Data Analytics Methodologies
ZenaByte offers solutions for the challenges posed by the growing complexity of extracting meaningful information from data. Our expertise spans from descriptive analytics to diagnostic, predictive, and prescriptive analytics.
ZenaByte solutions leverage the most recent advances in Data Mining, Machine Learning, Deep Learning, and Artificial Intelligence (AI), with the purpose of extracting new, meaningful, and actionable information transforming data into an actual value.
ZenaByte solutions are able to answer different, increasingly complex, and valuable questions:
Thanks to tools coming from the world of descriptive and visual analytics (e.g., reporting tools, dashboard, and process mining) we can exploit data to understand what happened in the past and what is happening right now.
What will happen in the future?
Thanks to tools coming from the world of predictive analytics (e.g., machine learning and deep learning models) we can exploit data to understand what will happen in the future by also ensuring (statistically) the quality of the developed models, or more generally, their trustworthiness (ensure privacy, fairness, robustness, and interpretability).
Why something happened?
Thanks to tools coming from the world of diagnostic analytics (e.g., causal models, hidden Markov models, and causal inference) we can exploit data to understand why something happened in the past and why is happening right now.
What can we do to make something happen?
Thanks to the combines use of diagnostic analytics and predictive analytics with AI we can suggest action to put place to ensure, or at least try, to make something happen in the future (e.g., reduce failures or increase sells of a products).
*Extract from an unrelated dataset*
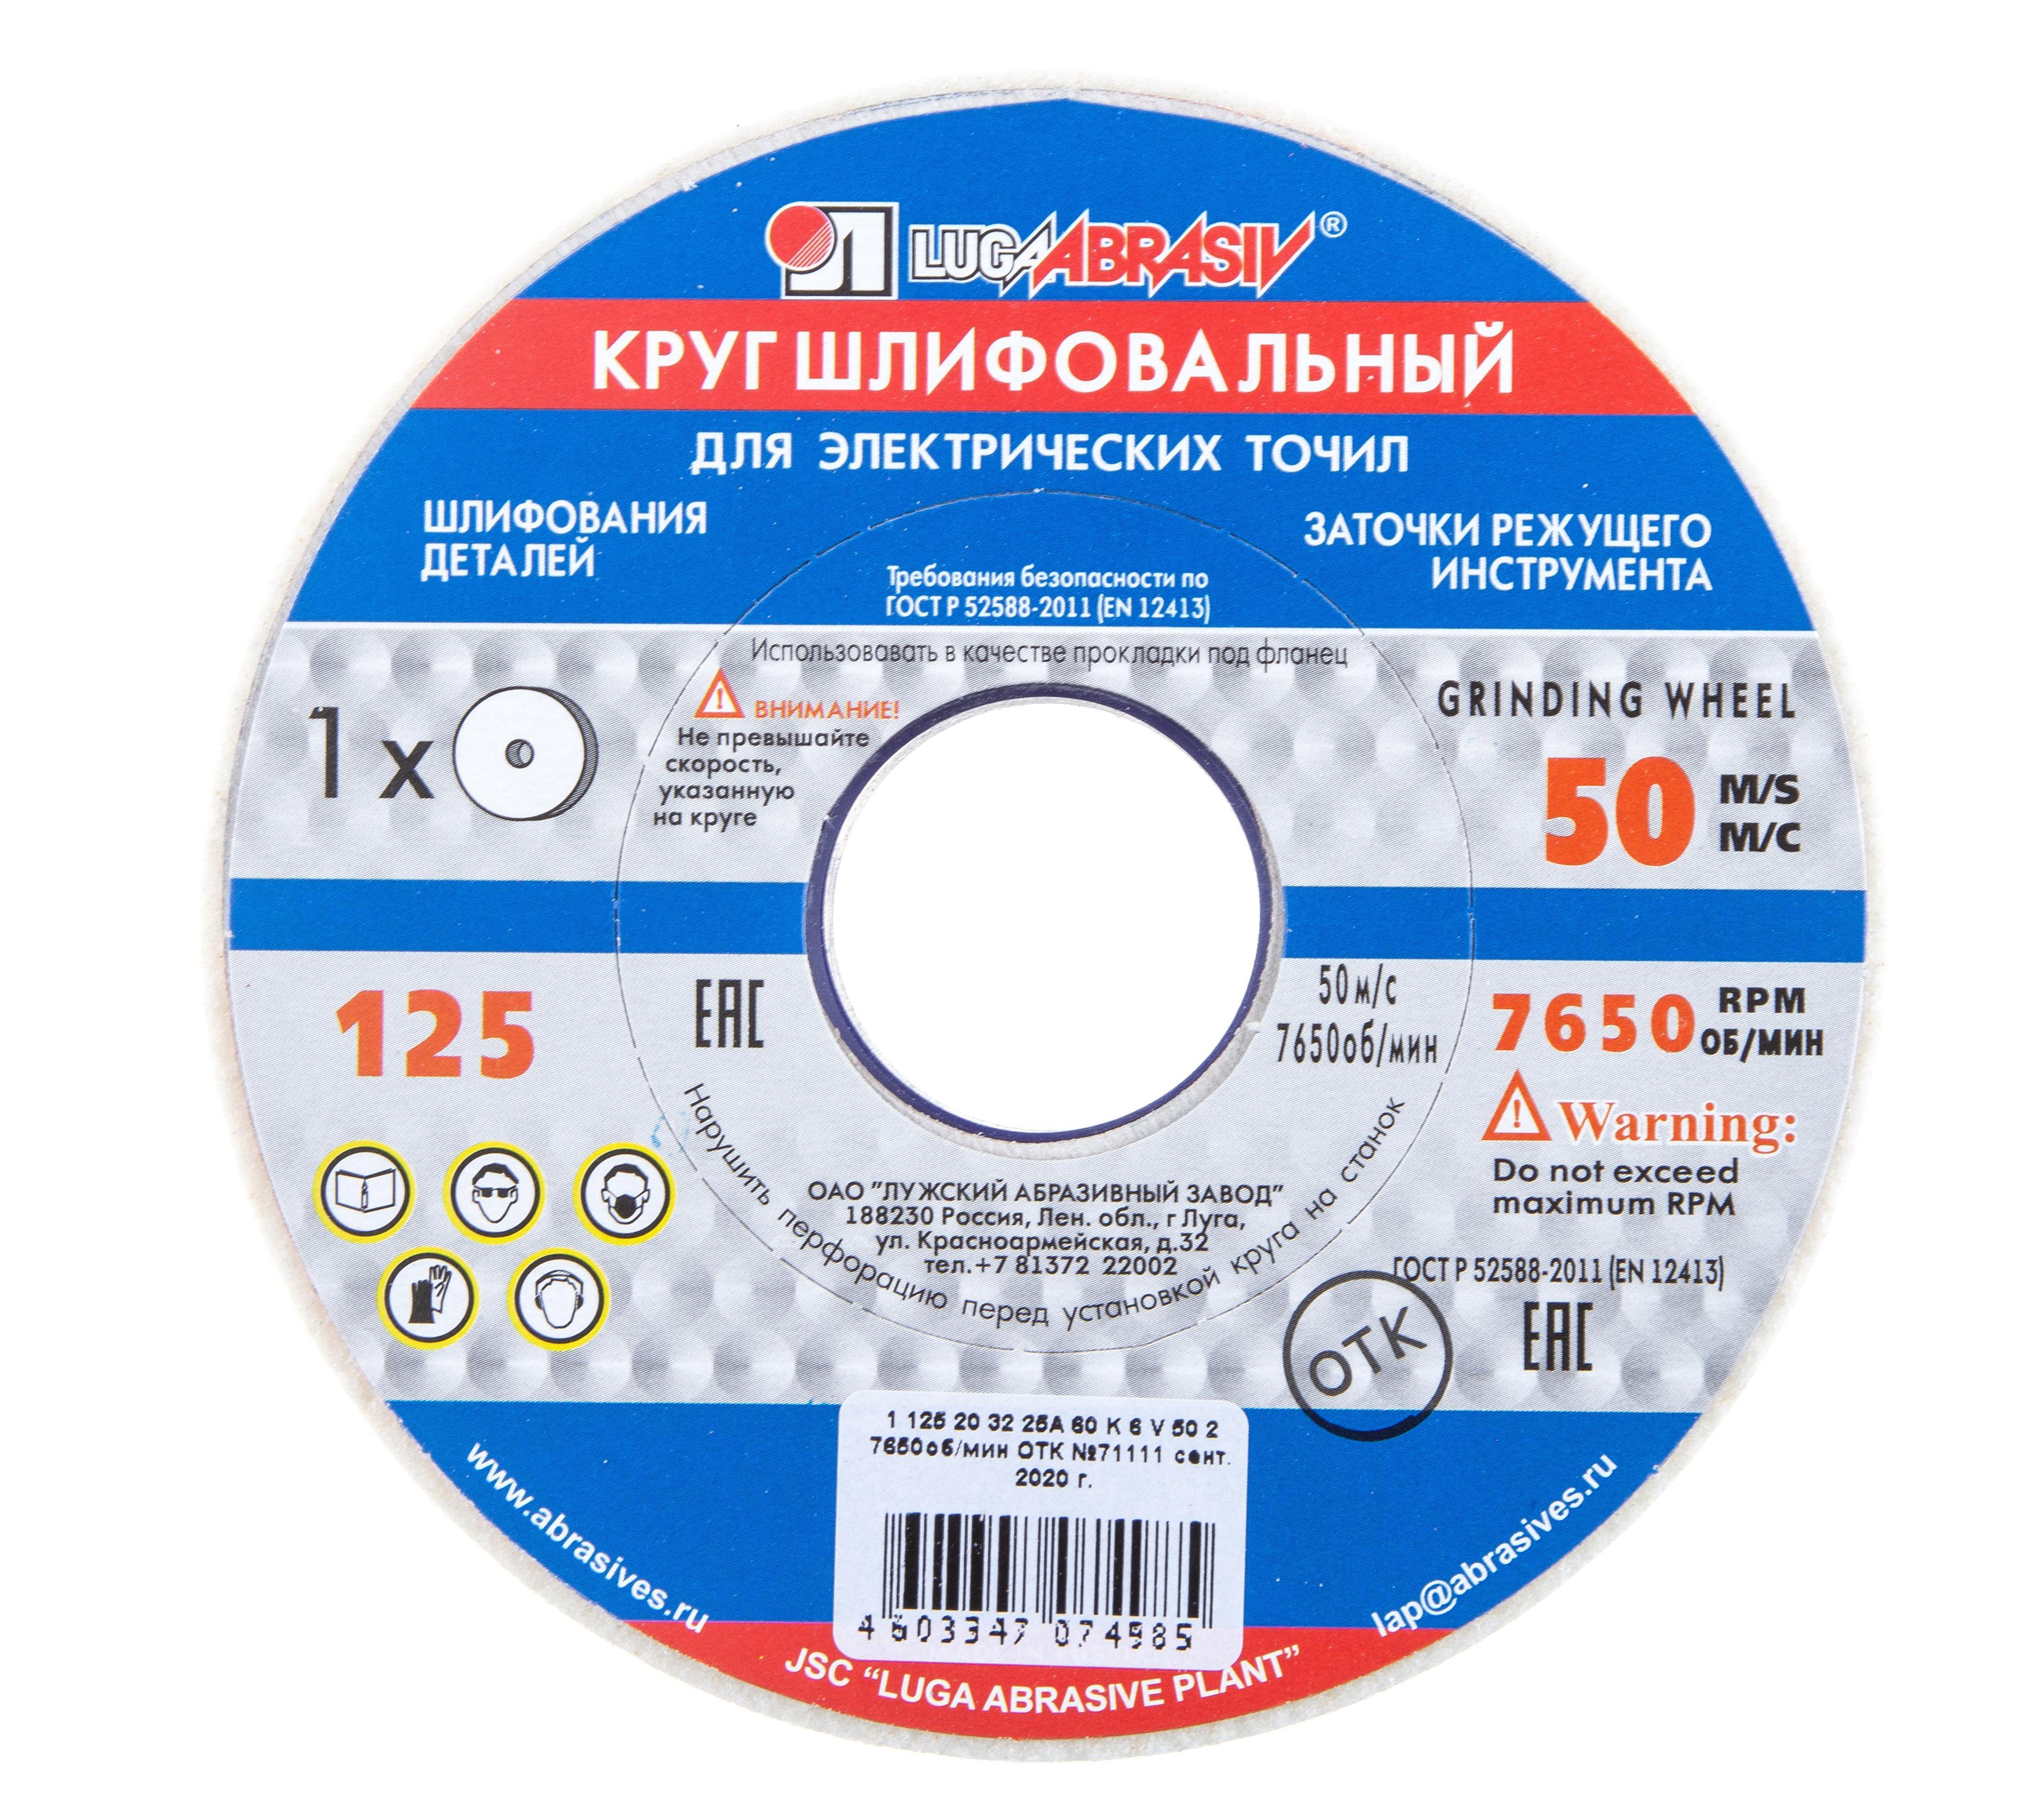 Круг шлифовальный ЛУГА-АБРАЗИВ 1 125 Х 20 Х 32 25А 60 k,l (25СМ) kx matrikx 1 01 425 125 20 carbon block filter 20 x 4 25

The technological enablers of these tools are libraries in R (e.g., caret), Python (e.g., pandas, scikit-learn, tensorflow, and pytorch) that will be exploited as building blocks for the development of custom, effective, and efficient solution to client problem.
We will also leverage on specific skills in learning from data (e.g., Natural Language Processing, Sentiment Analysis, Graph Machine Learning, and Edge Machine Learning) to be able to empower the ability of our products to describe, diagnose, predict, and prescript new, meaningful, and actionable information from data.